Canon includes basic editing software with their cameras. You can do a lot of tweaking in Raw mode. You won't be able to do much in JPEG mode with any program. Shooting in RAW is highly recommended.


----------



## Orrin (Jul 7, 2011)

I would download a copy of Gimp at gimp.org, and give it a try.... if it does what you want it to do, you have saved
some money.  If not, just uninstall it and try something else.


----------



## flea77 (Jul 7, 2011)

gryphonslair99 said:


> The Bugatti Veyron is probably the best car in the world, but do you really need a 1.7 million dollar car to go to work and back or to the grocery store?



 I agree with the sentiment that there is a correct tool for every job, but you kinda shot yourself in the foot by saying the Veyron is probably the best car. Best for what? Best for someone who spends the bulk of time remodeling homes and makes three trips a day to Home Depot for lumber? Best for my wife who wants a full sized luxury sedan?
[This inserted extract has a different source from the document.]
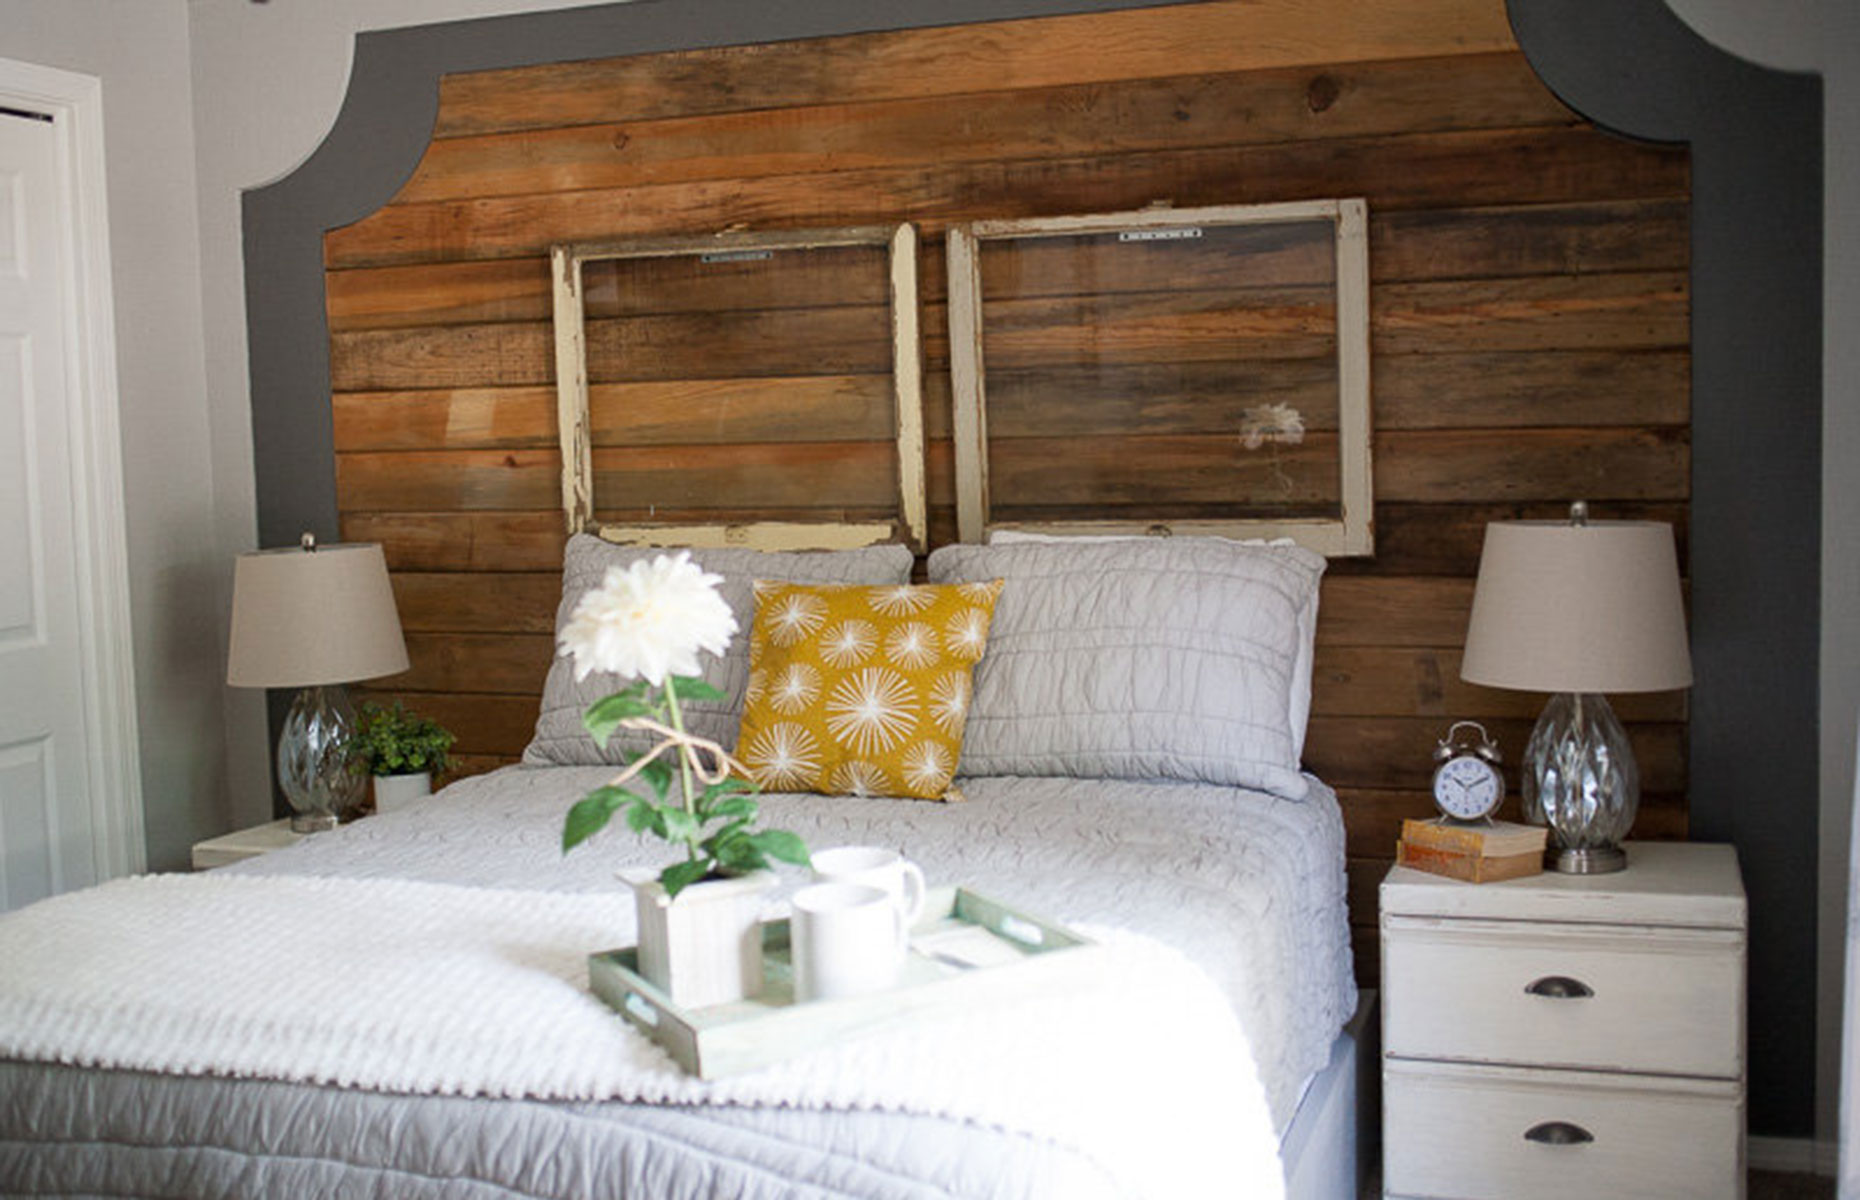 Bedroom at the Lazy Z resort (Image: Courtesy of High Sierra/Visit Tuolumne County/Lazy Z)
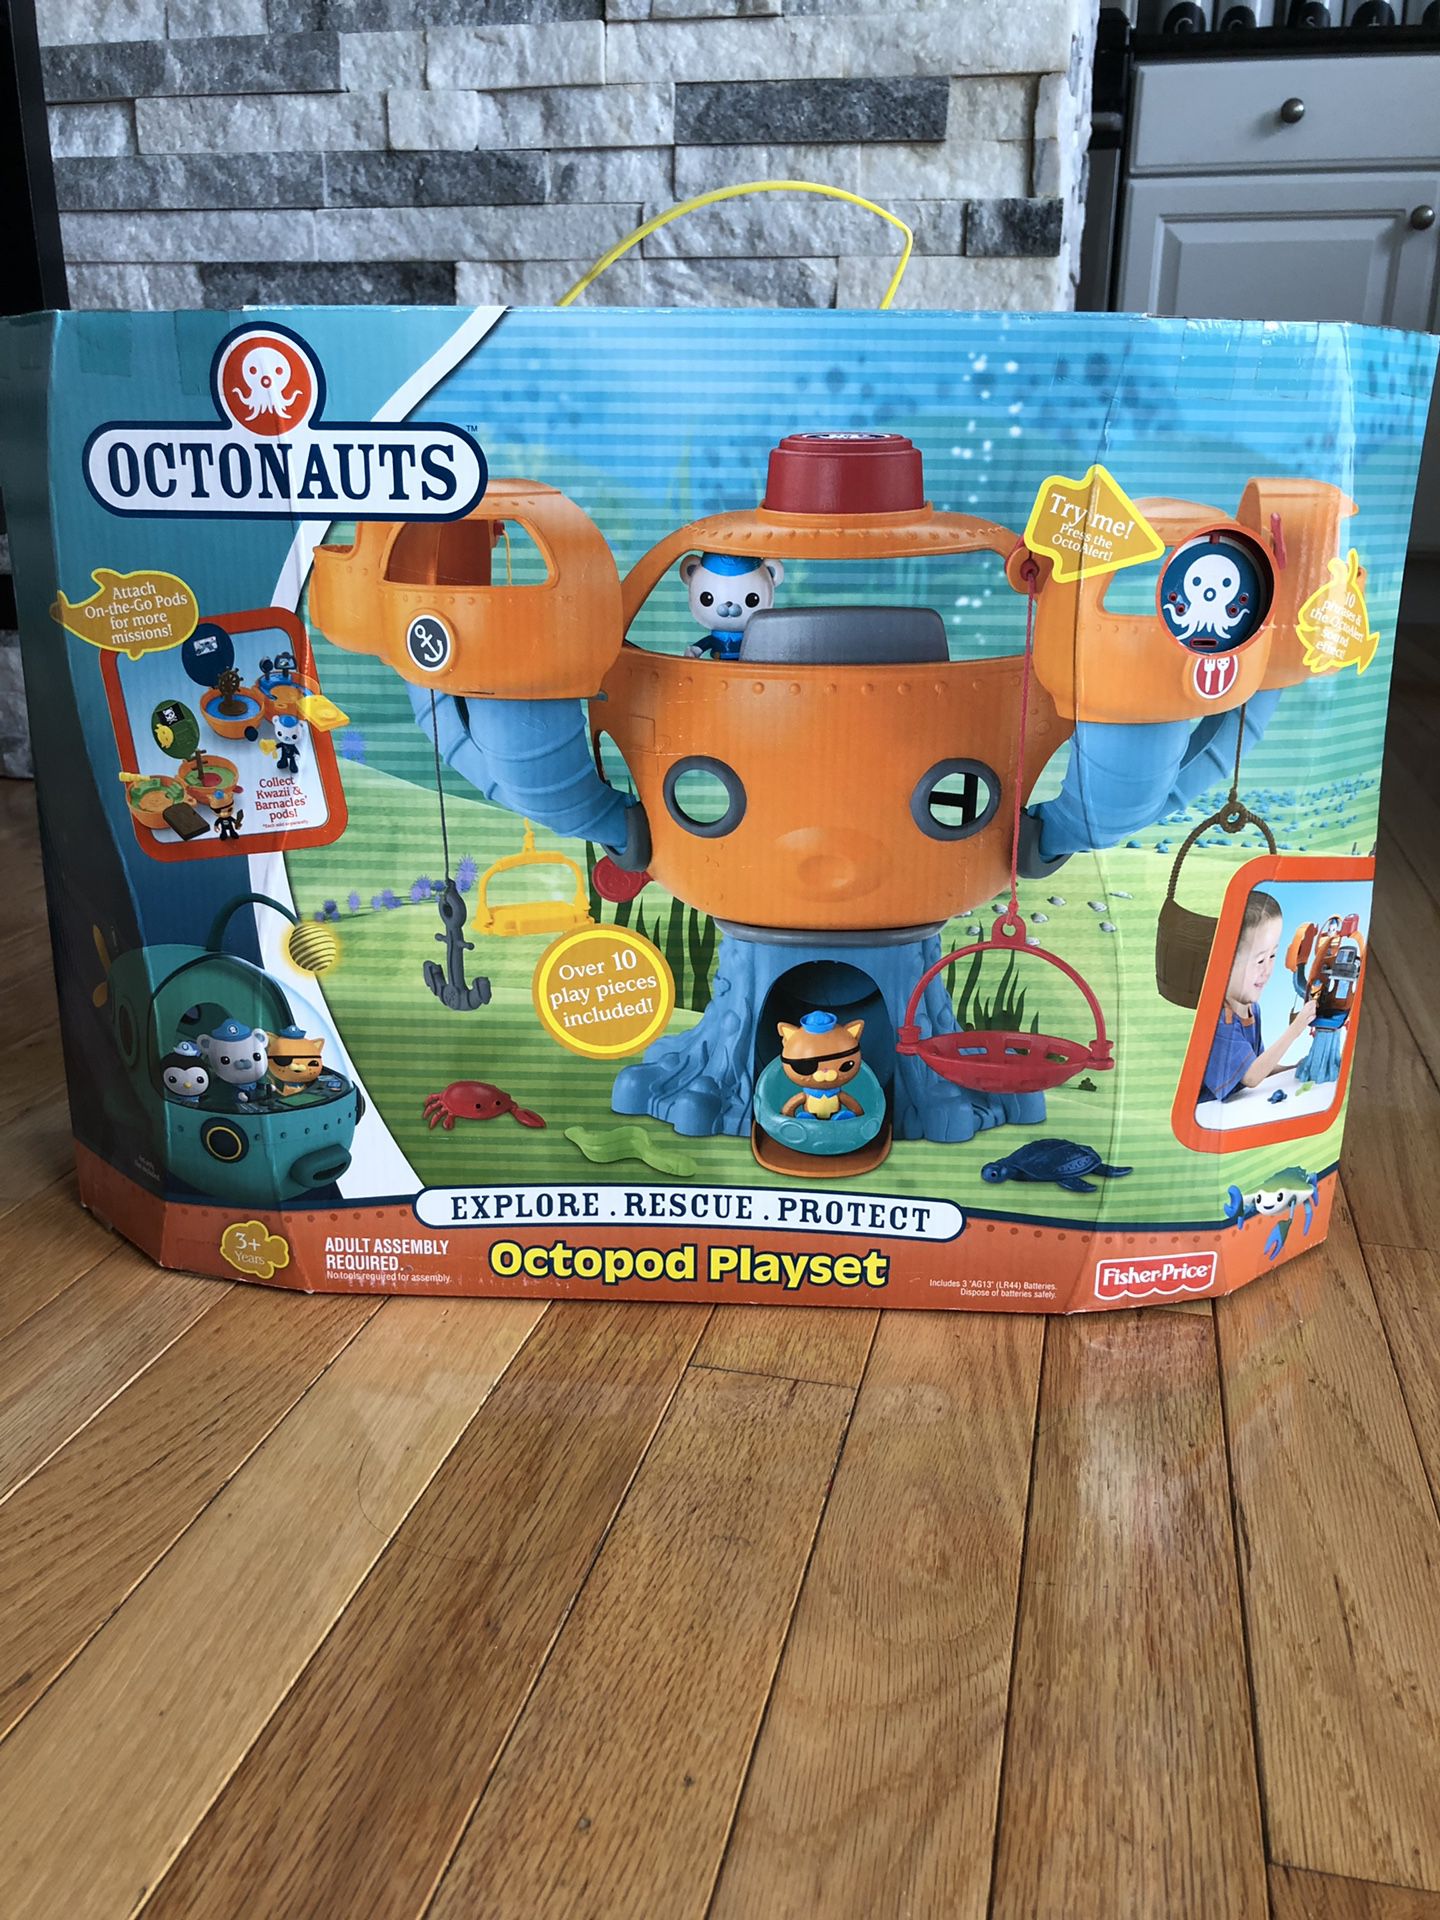 Octonauts Octopod Playset New in box

Best for the student with no real income who needs to get 30+ MPG in order to still afford to eat? Best for the family of six to go on a family outing? Best for driving the trails in the mountains? The Veyron is like everything else, maybe best at something, mediocre at most, worst at some.

Now to the OP.... There is a tool for every job. If you need the capabilities of Photoshop, the others are useless. If you don't need those capabilities, then something else will do. It all depends. I too use LR3, right along side CS5. Each has it's uses and I need both for my job. Would Gimp work for me? Absolutely not. Would Gimp work for you? Depends on what you need and want.

Allan


----------